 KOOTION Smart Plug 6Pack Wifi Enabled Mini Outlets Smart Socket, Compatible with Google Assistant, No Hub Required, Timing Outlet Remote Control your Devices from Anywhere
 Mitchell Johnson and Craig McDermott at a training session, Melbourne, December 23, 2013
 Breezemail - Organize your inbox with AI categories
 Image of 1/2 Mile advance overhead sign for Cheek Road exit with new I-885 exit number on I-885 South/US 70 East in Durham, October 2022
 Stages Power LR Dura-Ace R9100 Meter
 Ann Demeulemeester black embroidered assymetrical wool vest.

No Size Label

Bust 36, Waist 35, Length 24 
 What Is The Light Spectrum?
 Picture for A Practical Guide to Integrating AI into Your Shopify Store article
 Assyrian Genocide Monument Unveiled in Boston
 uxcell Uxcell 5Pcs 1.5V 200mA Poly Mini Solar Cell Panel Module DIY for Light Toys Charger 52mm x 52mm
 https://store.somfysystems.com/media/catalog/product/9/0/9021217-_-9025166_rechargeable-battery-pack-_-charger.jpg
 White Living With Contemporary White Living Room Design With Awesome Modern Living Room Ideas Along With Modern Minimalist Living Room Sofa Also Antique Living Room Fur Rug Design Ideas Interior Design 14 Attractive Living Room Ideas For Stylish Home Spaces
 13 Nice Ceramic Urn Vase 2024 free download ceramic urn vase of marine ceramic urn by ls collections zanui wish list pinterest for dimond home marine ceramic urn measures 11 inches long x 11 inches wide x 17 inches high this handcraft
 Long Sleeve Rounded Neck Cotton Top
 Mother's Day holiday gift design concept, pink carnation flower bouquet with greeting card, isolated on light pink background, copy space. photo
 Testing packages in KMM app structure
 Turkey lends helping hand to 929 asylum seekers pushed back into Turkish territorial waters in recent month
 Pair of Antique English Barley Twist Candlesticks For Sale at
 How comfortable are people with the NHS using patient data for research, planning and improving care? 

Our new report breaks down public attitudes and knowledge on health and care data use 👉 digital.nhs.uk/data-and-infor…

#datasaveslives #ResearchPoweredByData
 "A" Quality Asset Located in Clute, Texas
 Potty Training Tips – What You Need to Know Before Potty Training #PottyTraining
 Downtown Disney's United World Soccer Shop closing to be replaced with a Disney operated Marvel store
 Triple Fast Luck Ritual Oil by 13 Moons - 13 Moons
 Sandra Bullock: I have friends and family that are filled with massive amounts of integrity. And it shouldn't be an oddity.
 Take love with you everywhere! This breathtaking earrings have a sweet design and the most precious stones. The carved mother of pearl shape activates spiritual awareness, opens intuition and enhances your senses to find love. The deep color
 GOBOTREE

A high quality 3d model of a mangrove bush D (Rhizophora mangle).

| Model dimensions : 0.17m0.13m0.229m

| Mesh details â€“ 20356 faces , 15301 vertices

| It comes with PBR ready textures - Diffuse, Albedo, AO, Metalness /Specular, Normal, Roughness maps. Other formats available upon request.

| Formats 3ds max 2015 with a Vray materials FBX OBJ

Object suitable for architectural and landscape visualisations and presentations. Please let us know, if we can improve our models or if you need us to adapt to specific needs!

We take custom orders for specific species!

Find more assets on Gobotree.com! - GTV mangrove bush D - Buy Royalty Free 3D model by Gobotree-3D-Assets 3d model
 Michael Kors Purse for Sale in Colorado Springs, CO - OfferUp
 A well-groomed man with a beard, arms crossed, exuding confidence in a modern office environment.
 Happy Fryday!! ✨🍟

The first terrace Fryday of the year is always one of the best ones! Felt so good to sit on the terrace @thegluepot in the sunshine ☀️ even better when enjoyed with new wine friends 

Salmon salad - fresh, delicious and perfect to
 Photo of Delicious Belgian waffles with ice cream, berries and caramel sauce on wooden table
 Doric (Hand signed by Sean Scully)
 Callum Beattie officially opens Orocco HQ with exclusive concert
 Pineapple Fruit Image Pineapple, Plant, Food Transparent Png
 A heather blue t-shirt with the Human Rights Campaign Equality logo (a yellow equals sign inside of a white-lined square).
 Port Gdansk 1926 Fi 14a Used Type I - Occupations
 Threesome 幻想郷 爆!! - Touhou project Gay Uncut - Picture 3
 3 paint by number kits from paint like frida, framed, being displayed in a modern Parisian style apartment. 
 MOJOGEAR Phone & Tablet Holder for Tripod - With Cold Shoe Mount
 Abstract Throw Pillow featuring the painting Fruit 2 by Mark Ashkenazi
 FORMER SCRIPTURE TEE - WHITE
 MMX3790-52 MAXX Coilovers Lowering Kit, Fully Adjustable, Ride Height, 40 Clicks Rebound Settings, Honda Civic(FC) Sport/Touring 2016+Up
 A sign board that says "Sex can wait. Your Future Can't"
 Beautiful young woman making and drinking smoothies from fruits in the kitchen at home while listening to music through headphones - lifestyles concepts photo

________

To do: Transcribe the full listing above without leaving anything out.

Task result:
 KOOTION Smart Plug 6Pack Wifi Enabled Mini Outlets Smart Socket, Compatible with Google Assistant, No Hub Required, Timing Outlet Remote Control your Devices from Anywhere
 Mitchell Johnson and Craig McDermott at a training session, Melbourne, December 23, 2013
 Breezemail - Organize your inbox with AI categories
 Image of 1/2 Mile advance overhead sign for Cheek Road exit with new I-885 exit number on I-885 South/US 70 East in Durham, October 2022
 Stages Power LR Dura-Ace R9100 Meter
 Ann Demeulemeester black embroidered assymetrical wool vest.

No Size Label

Bust 36, Waist 35, Length 24 
 What Is The Light Spectrum?
 Picture for A Practical Guide to Integrating AI into Your Shopify Store article
 Assyrian Genocide Monument Unveiled in Boston
 uxcell Uxcell 5Pcs 1.5V 200mA Poly Mini Solar Cell Panel Module DIY for Light Toys Charger 52mm x 52mm
 https://store.somfysystems.com/media/catalog/product/9/0/9021217-_-9025166_rechargeable-battery-pack-_-charger.jpg
 White Living With Contemporary White Living Room Design With Awesome Modern Living Room Ideas Along With Modern Minimalist Living Room Sofa Also Antique Living Room Fur Rug Design Ideas Interior Design 14 Attractive Living Room Ideas For Stylish Home Spaces
 13 Nice Ceramic Urn Vase 2024 free download ceramic urn vase of marine ceramic urn by ls collections zanui wish list pinterest for dimond home marine ceramic urn measures 11 inches long x 11 inches wide x 17 inches high this handcraft
 Long Sleeve Rounded Neck Cotton Top
 Mother's Day holiday gift design concept, pink carnation flower bouquet with greeting card, isolated on light pink background, copy space. photo
 Testing packages in KMM app structure
 Turkey lends helping hand to 929 asylum seekers pushed back into Turkish territorial waters in recent month
 Pair of Antique English Barley Twist Candlesticks For Sale at
 How comfortable are people with the NHS using patient data for research, planning and improving care? 

Our new report breaks down public attitudes and knowledge on health and care data use 👉 digital.nhs.uk/data-and-infor…

#datasaveslives #ResearchPoweredByData
 "A" Quality Asset Located in Clute, Texas
 Potty Training Tips – What You Need to Know Before Potty Training #PottyTraining
 Downtown Disney's United World Soccer Shop closing to be replaced with a Disney operated Marvel store
 Triple Fast Luck Ritual Oil by 13 Moons - 13 Moons
 Sandra Bullock: I have friends and family that are filled with massive amounts of integrity. And it shouldn't be an oddity.
 Take love with you everywhere! This breathtaking earrings have a sweet design and the most precious stones. The carved mother of pearl shape activates spiritual awareness, opens intuition and enhances your senses to find love. The deep color
 GOBOTREE

A high quality 3d model of a mangrove bush D (Rhizophora mangle).

| Model dimensions : 0.17m0.13m0.229m

| Mesh details â€“ 20356 faces , 15301 vertices

| It comes with PBR ready textures - Diffuse, Albedo, AO, Metalness /Specular, Normal, Roughness maps. Other formats available upon request.

| Formats 3ds max 2015 with a Vray materials FBX OBJ

Object suitable for architectural and landscape visualisations and presentations. Please let us know, if we can improve our models or if you need us to adapt to specific needs!

We take custom orders for specific species!

Find more assets on Gobotree.com! - GTV mangrove bush D - Buy Royalty Free 3D model by Gobotree-3D-Assets 3d model
 Michael Kors Purse for Sale in Colorado Springs, CO - OfferUp
 A well-groomed man with a beard, arms crossed, exuding confidence in a modern office environment.
 Happy Fryday!! ✨🍟

The first terrace Fryday of the year is always one of the best ones! Felt so good to sit on the terrace @thegluepot in the sunshine ☀️ even better when enjoyed with new wine friends 

Salmon salad - fresh, delicious and perfect to
 Photo of Delicious Belgian waffles with ice cream, berries and caramel sauce on wooden table
 Doric (Hand signed by Sean Scully)
 Callum Beattie officially opens Orocco HQ with exclusive concert
 Pineapple Fruit Image Pineapple, Plant, Food Transparent Png
 A heather blue t-shirt with the Human Rights Campaign Equality logo (a yellow equals sign inside of a white-lined square).
 Port Gdansk 1926 Fi 14a Used Type I - Occupations
 Threesome 幻想郷 爆!! - Touhou project Gay Uncut - Picture 3
 3 paint by number kits from paint like frida, framed, being displayed in a modern Parisian style apartment. 
 MOJOGEAR Phone & Tablet Holder for Tripod - With Cold Shoe Mount
 Abstract Throw Pillow featuring the painting Fruit 2 by Mark Ashkenazi
 FORMER SCRIPTURE TEE - WHITE
 MMX3790-52 MAXX Coilovers Lowering Kit, Fully Adjustable, Ride Height, 40 Clicks Rebound Settings, Honda Civic(FC) Sport/Touring 2016+Up
 A sign board that says "Sex can wait. Your Future Can't"
 Beautiful young woman making and drinking smoothies from fruits in the kitchen at home while listening to music through headphones - lifestyles concepts photo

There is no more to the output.